Zanner Sebastian12ORCID,Goff Elliott3ORCID,Ghatan Samuel4ORCID,Wölfel Eva Maria1ORCID,Ejersted Charlotte5ORCID,Kuhn Gisela3,Müller Ralph3ORCID,Frost Morten125ORCID

Affiliation:

1. Molecular Endocrinology Department, Department M Odense University Hospital Odense Denmark

2. Clinical Institute University of Southern Denmark Odense Denmark

3. Institute for Biomechanics ETH Zurich Zurich Switzerland

4. Department of Internal Medicine Erasmus MC University—Medical Center Rotterdam Rotterdam The Netherlands

5. Steno Diabetes Centre Odense OUH Odense Denmark

Abstract

ABSTRACTClinical studies indicate that microvascular disease (MVD) affects bone microstructure and decreases bone strength in type 2 diabetes mellitus (T2D).

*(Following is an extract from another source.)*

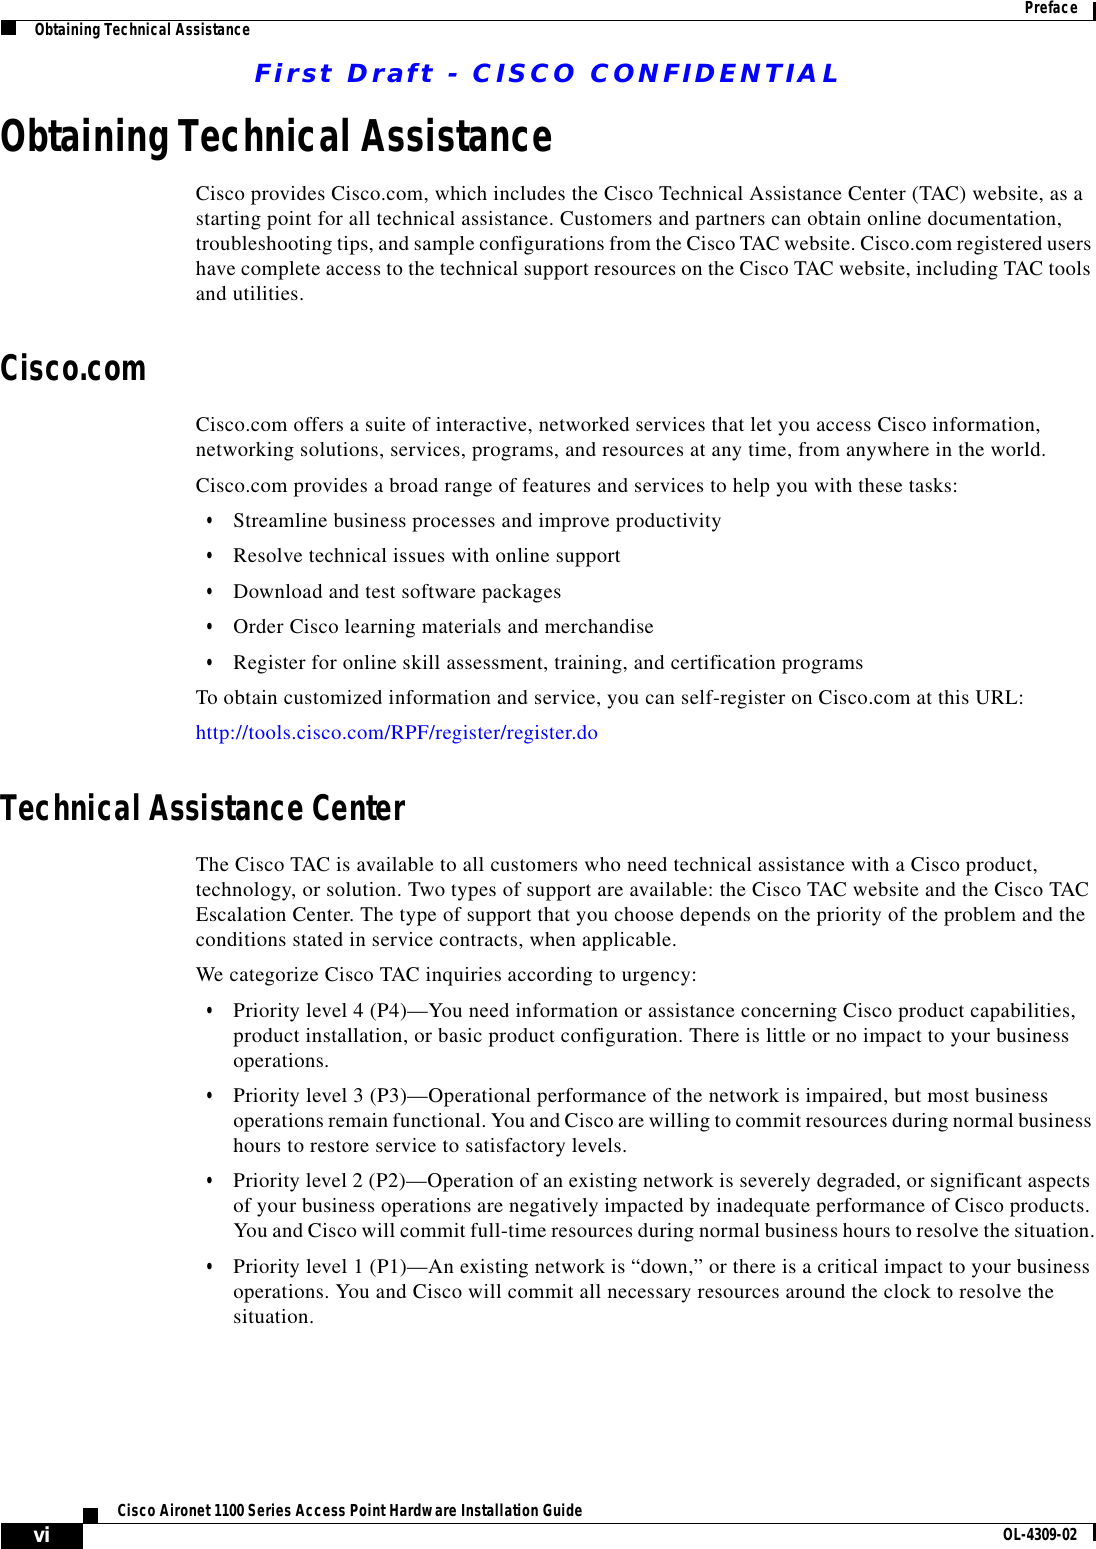 First Draft - CISCO CONFIDENTIALviCisco Aironet 1100 Series Access Point Hardware Installation Guide OL-4309-02PrefaceObtaining Technical AssistanceObtaining Technical AssistanceCisco provides Cisco.com, which includes the Cisco Technical Assistance Center (TAC) website, as a starting point for all technical assistance. Customers and partners can obtain online documentation, troubleshooting tips, and sample configurations from the Cisco TAC website. Cisco.com registered users have complete access to the technical support resources on the Cisco TAC website, including TAC tools and utilities. Cisco.comCisco.com offers a suite of interactive, networked services that let you access Cisco information, networking solutions, services, programs, and resources at any time, from anywhere in the world. Cisco.com provides a broad range of features and services to help you with these tasks:•Streamline business processes and improve productivity •Resolve technical issues with online support•Download and test software packages•Order Cisco learning materials and merchandise•Register for online skill assessment, training, and certification programsTo obtain customized information and service, you can self-register on Cisco.com at this URL:http://tools.cisco.com/RPF/register/register.doTechnical Assistance CenterThe Cisco TAC is available to all customers who need technical assistance with a Cisco product, technology, or solution. Two types of support are available: the Cisco TAC website and the Cisco TAC Escalation Center. The type of support that you choose depends on the priority of the problem and the conditions stated in service contracts, when applicable.We categorize Cisco TAC inquiries according to urgency:•Priority level 4 (P4)—You need information or assistance concerning Cisco product capabilities, product installation, or basic product configuration. There is little or no impact to your business operations.•Priority level 3 (P3)—Operational performance of the network is impaired, but most business operations remain functional. You and Cisco are willing to commit resources during normal business hours to restore service to satisfactory levels.•Priority level 2 (P2)—Operation of an existing network is severely degraded, or significant aspects of your business operations are negatively impacted by inadequate performance of Cisco products. You and Cisco will commit full-time resources during normal business hours to resolve the situation.•Priority level 1 (P1)—An existing network is “down,” or there is a critical impact to your business operations. You and Cisco will commit all necessary resources around the clock to resolve the situation.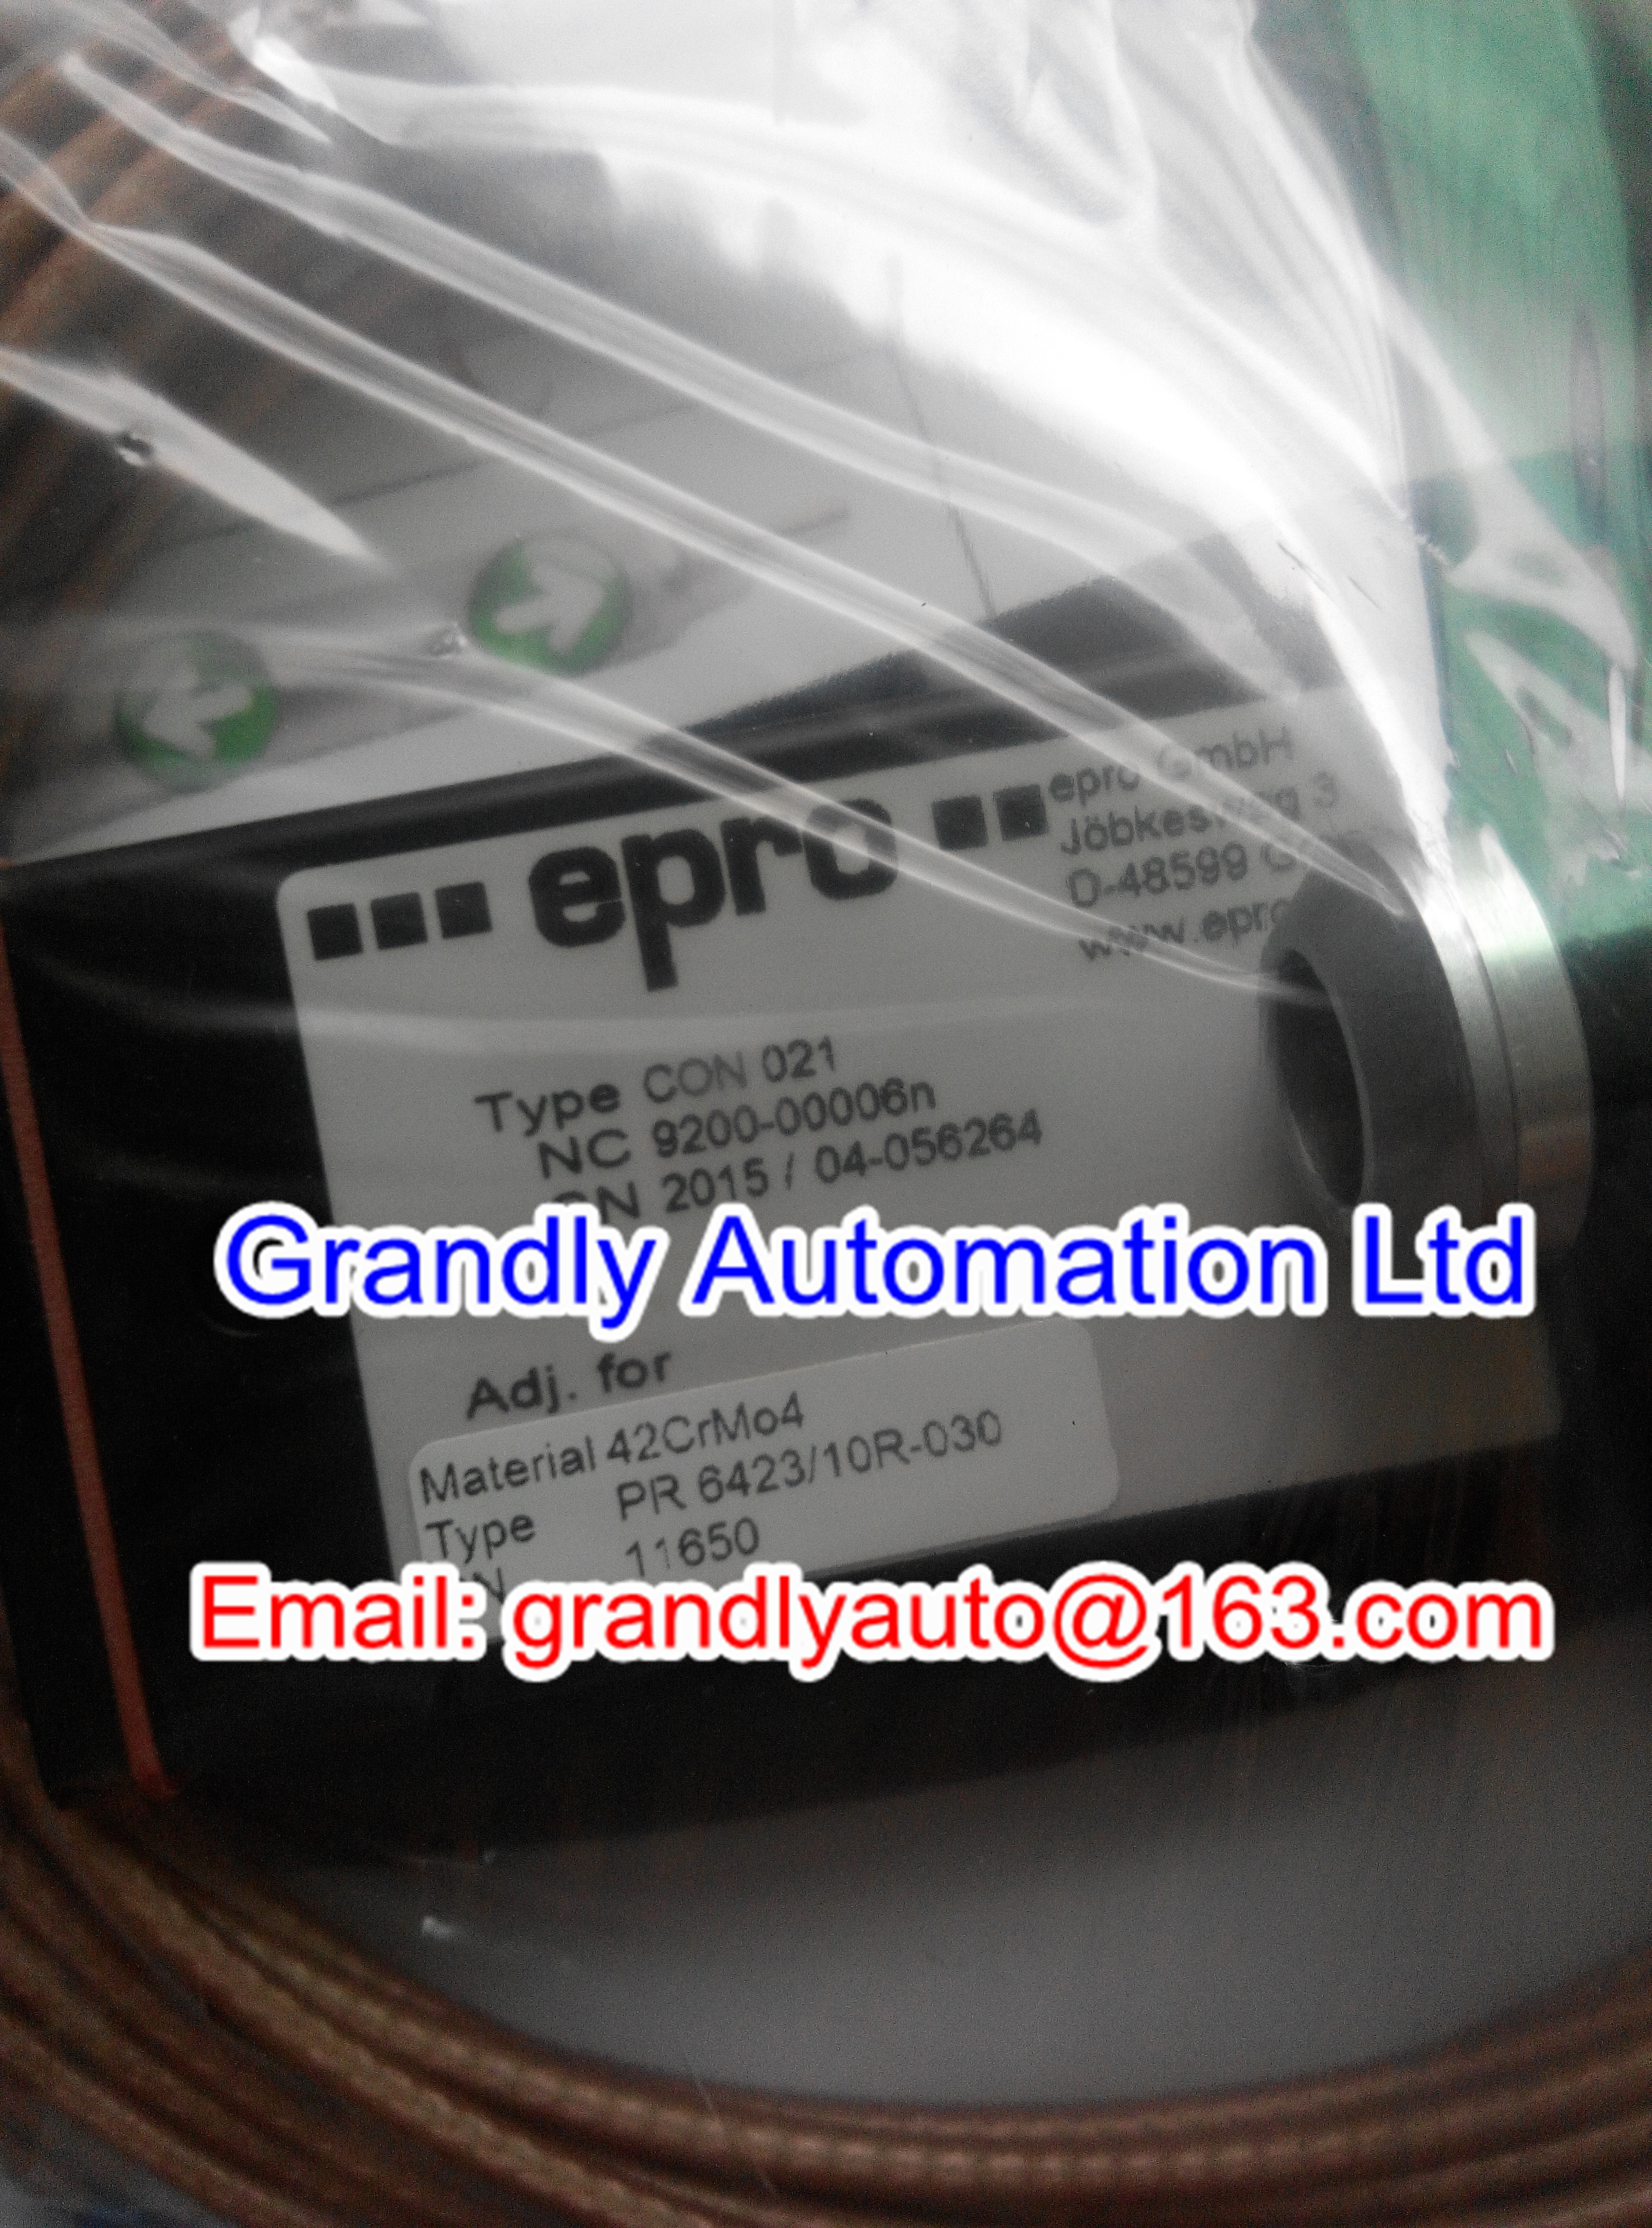 Quality New EPRO PR6423/010-000 Sensor in stock-Buy at Grandly Automation Ltd

Osteocytes are housed in small voids within the bone matrix and lacunae and act as sensors of mechanical forces in bone. These cells regulate osteoclastic bone resorption and osteoblastic bone formation as well as osteocytic perilacunar remodeling. We hypothesized that MVD changes morphometric osteocyte lacunar parameters in individuals with T2D. We collected iliac crest bone biopsies from 35 individuals (10 female, 25 male) with T2D with MVD (15%) or without MVD (21%) with a median age of 67 years (interquartile range [IQR] 62–72 years). The participants were included based on c‐peptide levels >700 pmol L−1, absence of anti‐GAD65 antibodies, and glycated hemoglobin (HbA1c) levels between 40 and 82 mmol mol−1 or 5.8% and 9.7%, respectively. We assessed osteocyte lacunar morphometric parameters in trabecular and cortical bone regions using micro‐computed tomography (micro‐CT) at a nominal resolution of 1.2 μm voxel size. The cortical osteocyte lacunar volume (Lc.V) was 7.7% larger (p = 0.05) and more spherical (Lc.Sr, p < 0.01) in the T2D + MVD group. Using linear regression, we found that lacunar density (Lc.N/BV) in trabecular but not cortical bone was associated with HbA1c (p < 0.05, R2 = 0.067) independently of MVD. Furthermore, Lc.V was larger and Lc.Sr higher in the center than in the periphery of the trabecular and cortical bone regions (p < 0.05). In conclusion, these data imply that MVD may impair skeletal integrity, possibly contributing to increased skeletal fragility in T2D complicated by MVD. © 2023 The Authors. JBMR Plus published by Wiley Periodicals LLC on behalf of American Society for Bone and Mineral Research.

Funder

H2020 Marie Skłodowska-Curie Actions

Region Syddanmark

Publisher

Oxford University Press (OUP)

Subject

Orthopedics and Sports Medicine,Endocrinology, Diabetes and Metabolism

Reference41 articles.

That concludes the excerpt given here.